作者主页:[ https://www.weiyigeek.top ]

作者博客:[ https://blog.weiyigeek.top ]

作者答疑学习交流群:请关注公众号后回复【学习交流群


文章目录:

  • 0x00 前言简述

  • 0x01 环境准备

    • 1.安装的二进制 etcdctl

    • 2.拉取带有 etcdctl 的 Docker 镜像

    • 3.Kubernetes 使用 etcdctl 镜像创建Pod

  • 0x02 备份实践

    • 1.使用二进制安装 etcdctl 客户端工具

    • 2.使用Docker镜像安装 etcdctl 客户端工具

    • 3.在kubernetes集群中快速创建pod进行手动备份

    • 4.在kubernetes集群中使用CronJob资源控制器进行定时备份

  • 0x02 恢复实践

    • 1.单master节点恢复

    • 2.多master节点恢复

    • 3.K8S集群中etcd数据库节点数据不一致问题解决实践


温馨提示: 由于作者水平有限,本章错漏缺点在所难免,希望读者批评指正,若有问题或建议请在文章末尾留下您宝贵的经验知识,或联系邮箱地址

master@weiyigeek.top 或 关注公众号 [全栈工程师修炼指南] 留言。



0x00 前言简述

描述:在 Kubernetes 集群中所有操作的资源数据都是存储在 etcd 数据库上, 所以防止集群节点瘫痪未正常工作或在集群迁移时,以及在出现异常的情况下能尽快的恢复集群数据,则我们需要定期针对etcd集群数据进行相应的容灾操作。
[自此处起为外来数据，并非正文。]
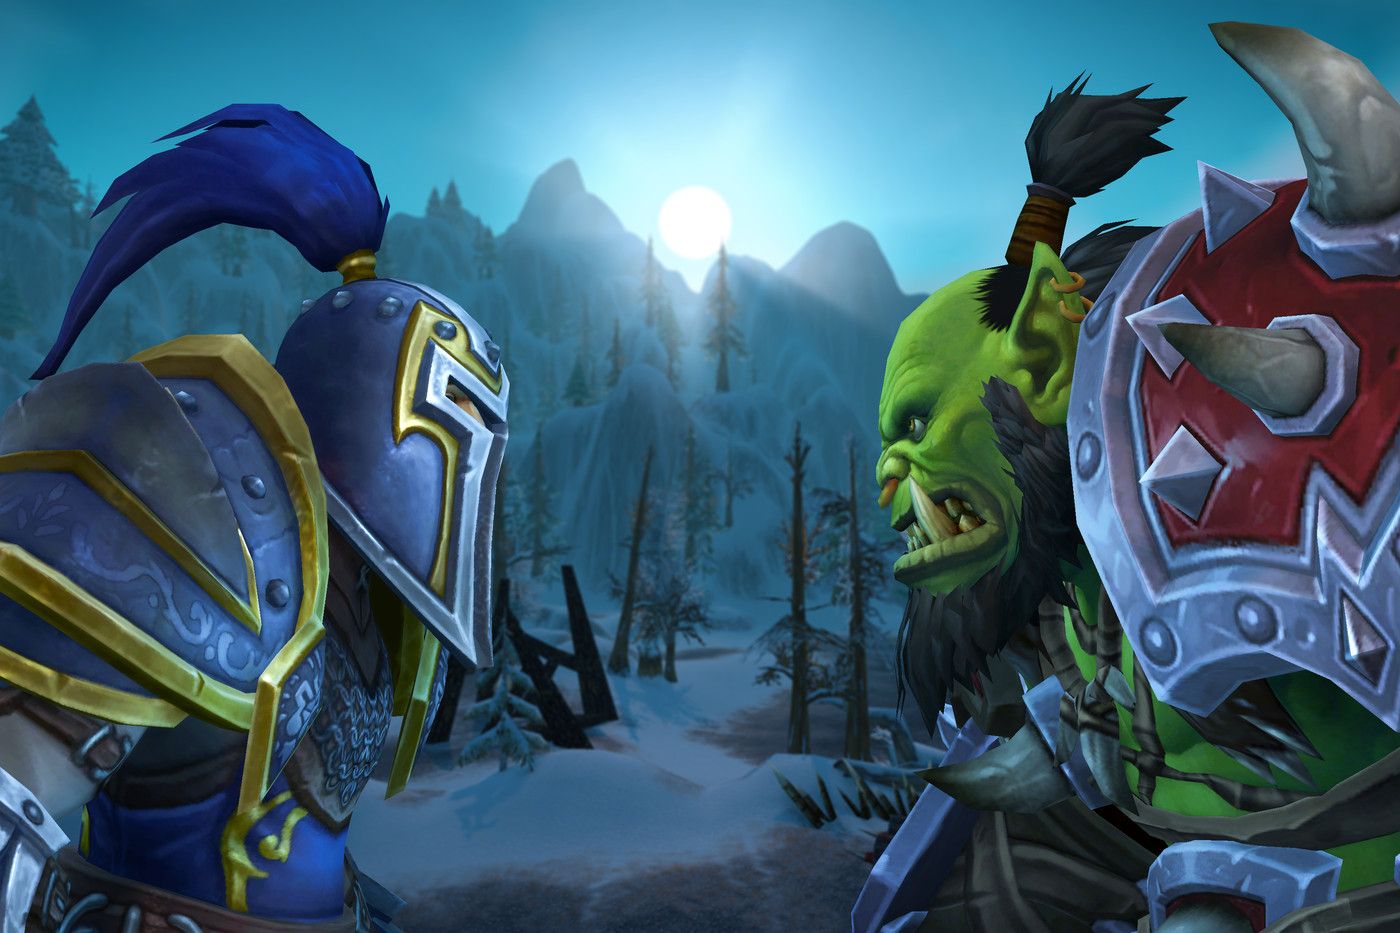 New World of Warcraft Warbands feature is a godsend for alts

在K8S集群中或者Docker环境中,我们可以非常方便的针对 etcd 数据进行备份,通我们常在一个节点上对 etcd 做快照就能够实现etcd数据的备份,其快照文件包含所有 Kubernetes 状态和关键信息, 有了etcd集群数据备份后,例如在灾难场景(例如丢失所有控制平面节点)下也能快速恢复 Kubernetes 集群,Boss再也不同担心系统起不来呢。


0x01 环境准备

1.安装的二进制 etcdctl

描述: etcdctl 二进制文件可以在 github.com/coreos/etcd/releases
 选择对应的版本下载,例如可以执行以下 install_etcdctl.sh
 的脚本,修改其中的版本信息。

install_etcdctl.sh

    #!/bin/bash
    # Author: WeiyiGeek
    # Description: etcd 与 etcdctl 下载安装
    ETCD_VER=v3.5.5
    ETCD_DIR=etcd-download
    DOWNLOAD_URL=https://github.com/coreos/etcd/releases/download


    # Download
    mkdir ${ETCD_DIR}
    cd ${ETCD_DIR}
    wget ${DOWNLOAD_URL}/${ETCD_VER}/etcd-${ETCD_VER}-linux-amd64.tar.gz
    tar -xzvf etcd-${ETCD_VER}-linux-amd64.tar.gz


    # Install
    cd etcd-${ETCD_VER}-linux-amd64
    cp etcdctl usr/local/bin/

    验证安装:

    $ etcdctl version
    etcdctl version: 3.5.5
    API version: 3.5


    2.拉取带有 etcdctl 的 Docker 镜像

    操作流程:

      # 镜像拉取与容器创建。
      docker run --rm \
      -v data/backup:/backup \
      -v etc/kubernetes/pki/etcd:/etc/kubernetes/pki/etcd \
      --env ETCDCTL_API=3 \
      registry.cn-hangzhou.aliyuncs.com/google_containers/etcd:3.5.1-0 \
      /bin/sh -c "etcdctl version"

      安装验证:

        3.5.1-0: Pulling from google_containers/etcd
        e8614d09b7be: Pull complete
        45b6afb4a92f: Pull complete
        .......
        Digest: sha256:64b9ea357325d5db9f8a723dcf503b5a449177b17ac87d69481e126bb724c263
        Status: Downloaded newer image for registry.cn-hangzhou.aliyuncs.com/google_containers/etcd:3.5.1-0
        etcdctl version: 3.5.1
        API version: 3.5


        3.Kubernetes 使用 etcdctl 镜像创建Pod

          # 镜像拉取
          crictl pull registry.cn-hangzhou.aliyuncs.com/google_containers/etcd:3.5.5-0


          # Pod 创建以及安装验证
          $ kubectl run etcdctl --image=registry.cn-hangzhou.aliyuncs.com/google_containers/etcd:3.5.5-0 --command -- usr/local/bin/etcdctl version
          $ kubectl logs -f etcdctl
          etcdctl version: 3.5.5
          API version: 3.5
          $ kubectl delete pod etcdctl


          0x02 备份实践

          1.使用二进制安装 etcdctl 客户端工具

          温馨提示: 如果是单节点 Kubernetes 我们只需要对其的 etcd 数据库进行快照备份, 如果是多主多从的集群,我们则需依次备份多个 master 节点中 etcd,防止在备份时etc数据被更改!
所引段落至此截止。